The cartoon version of George Orwell's most famous novel along with Nineteen Eighty-Four has long been the subject of controversy: were animators John Halas and Joy Batchelor, here making the first ever British feature cartoon for mass consumption, correct to make the changes they did? The source was an acknowledged classic, a masterwork of the allegorical form which told the tale of the Russian Revolution and its aftermath with fine perception, yet there were those who would have you believe this was simply a dutiful recreation rather than a living, breathing artwork in its own right.

But it remains interesting for all sorts of reasons, not least because of the style they used, something that looked child friendly but actually told a tale better appreciated by adults who could understand the references and what was being alluded to. Orwell's original subtitle for his short novel was "A Fairy Tale", as if he was implementing the same ambiguity, and that came across in this, with fluid, caricatured characters that nevertheless suffer a great deal, and even die in some cases - onscreen, too. There was no sugarcoating of the plotline as after all it had to adhere to the historical record, where the Communists won power by claiming to be introducing equality and fairness, then ended up being exactly the same iron fist of totalitarianism as had been in power before.

The message of "Meet the new boss, same as the old boss" is one for the ages, as is "power corrupts, absolute power corrupts absolutely", both of which much in evidence here, but there was a curious background to the film that fuels that controversy even today. That was because much of the money that went into funding the production was provided by the C.I.A. in America, who saw the material as a useful propaganda tool, and that led to the ending far more optimistic than anything in Orwell. The essential gloom of his vision remained, and many of the book's most celebrated images were recreated with skill, but the rewriting of the close of the story stated outright that the Communist regime would be overthrown.

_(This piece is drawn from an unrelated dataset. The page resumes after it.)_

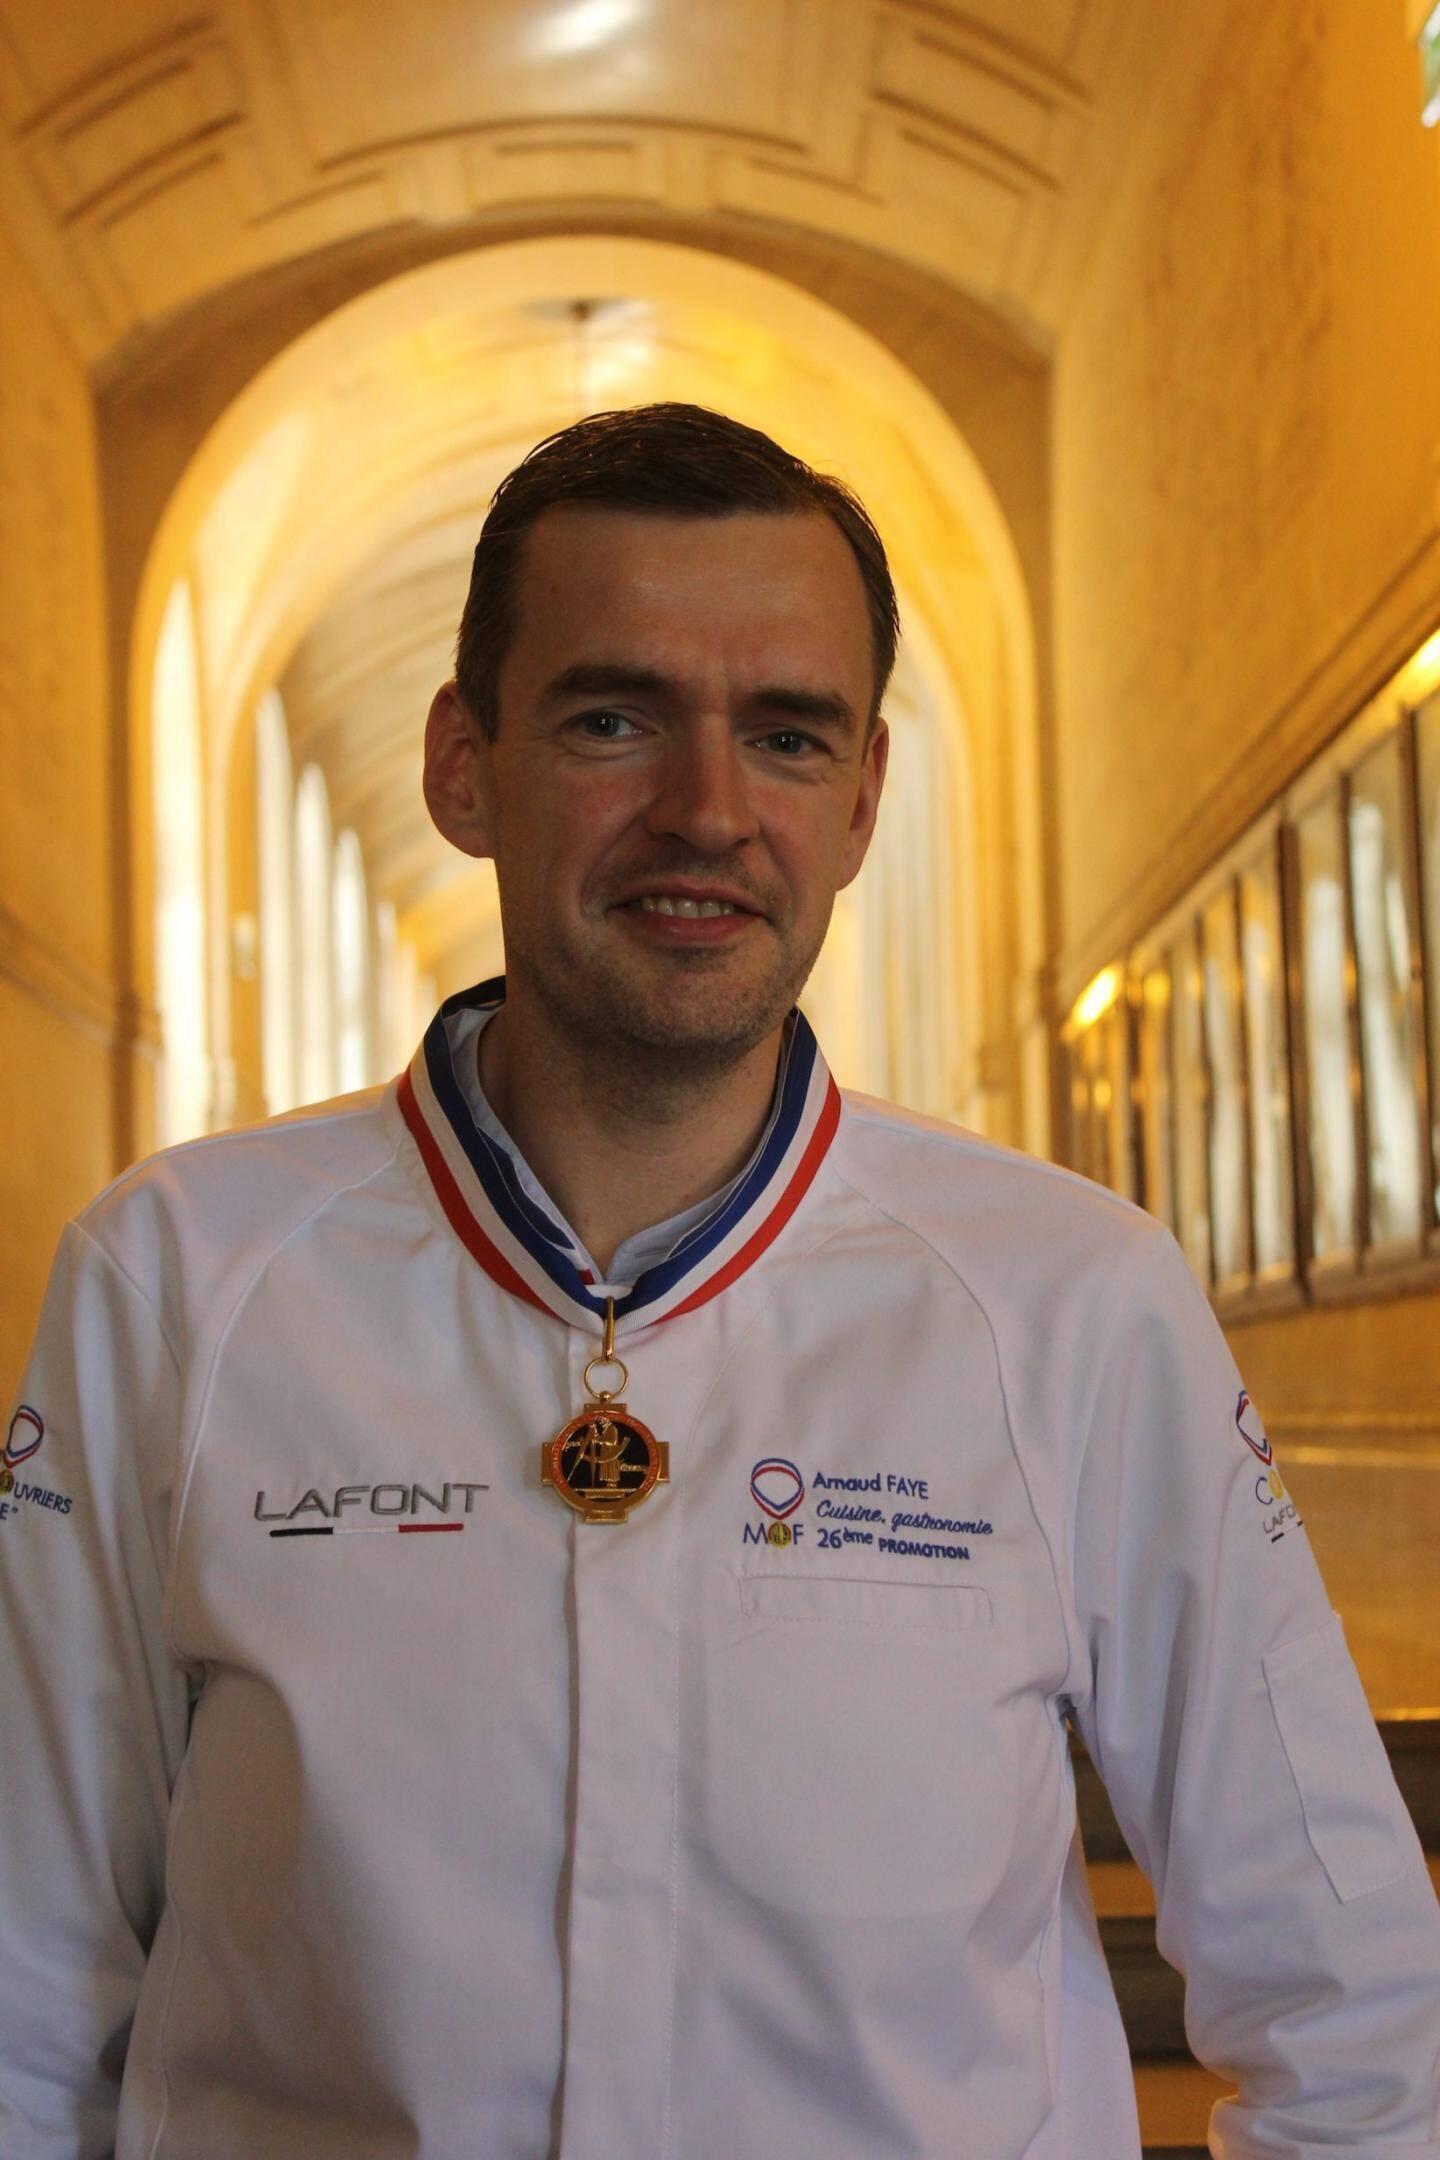 Il y a un an, Arnaud Faye devenait l'un des Meilleurs ouvriers de France.

What happened in real life was that it was not so much overthrown, and not by the U.S.A., than it suffered an inevitable breakdown, so this Animal Farm's predictions were not quite correct, and were lacking an ironic awareness that the second revolution it depicted was pretty much the same as the first, thereby inadvertently stating that what happened was part of a cycle that may well have seen each successive regime turn just as bad as their conquered predecessors. Real life is more complicated than that, and one criticism of the Halas and Batchelor version was that by its very approach it simplified a moral that in the book was more level headed if no less satirical, but appreciated as a technical achievement as well as the fairy tale it said it was then this Animal Farm was impressive. It's just that there was too much of the school tutorial about it for something that you would watch for anything other than education. Music by Matyas Seiber.